Ofelia Marín-Lozano (1962 Capital SICAV) | The ECB needs retail banking to ensure that financing reaches SMEs, the main segment affected by this crisis. The ECB will try to make its work as easily as possible for retail banks, providing them with negative-rate financing and relaxing capital requirements. The financing the banks will offer to SMEs is largely guaranteed by the governments, and its distribution is very diversified (many companies for small amounts).
This means the potential default rate, and even more so the loss finally assumed by it, is very limited, incomparably lower than that in the previous financial crisis.
The starting point is much more solid than in 2008, when the banks emerged from many years of double-digit credit expansion and high rates. Today, the lenders are coming from many years of declining or stagnating credit provision, especially in loans to businesses, and with zero or negative interest rates.
Containment and selection in credit approval which, in addition, is accompanied by very significant increases in solvency. This is thanks to the profit withholding and capital hikes which have taken place in recent years.
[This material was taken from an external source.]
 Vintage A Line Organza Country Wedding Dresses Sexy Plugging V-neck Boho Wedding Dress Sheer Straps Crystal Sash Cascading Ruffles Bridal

So European banks have significantly improved their equity base, which is double, or even almost triple, the levels reached a decade ago in all their solvency ratios. The ratio of higher quality capital to risk-weighted assets, (CET1 or common equity tier 1) has risen from levels below 6% in 2011 to over 14% today. The leverage ratio (CET1 over total assets, without risk weighting) rose from 3% to 6% and the total computable capital ratio (total computable capital, over risk weighted assets) from 8% to 18% in the same period.
Current share prices represent a valuation of 0.4 times eligible capital, 5 times earnings and 10% dividend yield based on 2019 figures. This year will be one of full profit retention, with no dividend payments and a large, precautionary provision. But from 2021, and certainly in 2022, the profits the lenders will generate, and the dividends they will be able to pay, will not vary substantially from those of 2018 and 2019.
In recent years, doubts over the euro have been a determining factor in the banking sector’s stock market performance. In 2011, the sovereign debt crisis caused the Euro Stoxx Banks index to lose more than half its value. Draghi’s Whatever It Takes reversed this situation. However, an unexpected political event in 2016, namely the result of the Brexit referendum, once again raised doubts about the stability of the European project. So we witnessed a second collapse in the banks’ stock prices. Once the fear of a disorderly Brexit had been eliminated, they returned to more reasonable levels. But in the spring of 2018, a populist Eurosceptic coalition formed a government in Italy, once again raising fears of a euro break-up (with very significant rises in the sovereign risk premium). In 2019, it was evident that Italy was not about to break the budgetary discipline necessary for it to stay in the EU, so bank prices seemed to stabilise. That was until the coronavirus crisis broke out. In the last two weeks, however, the decline in prices has started to be reversed, after the EU and ECB’s commitment to avoid a new sovereign debt crisis was confirmed.
If we assume there will be no break-up of the euro, and that banks will not need significant capital hikes, the appetite for investment is very strong. Average revaluation expectations are close to 100% within a 1-2 year period.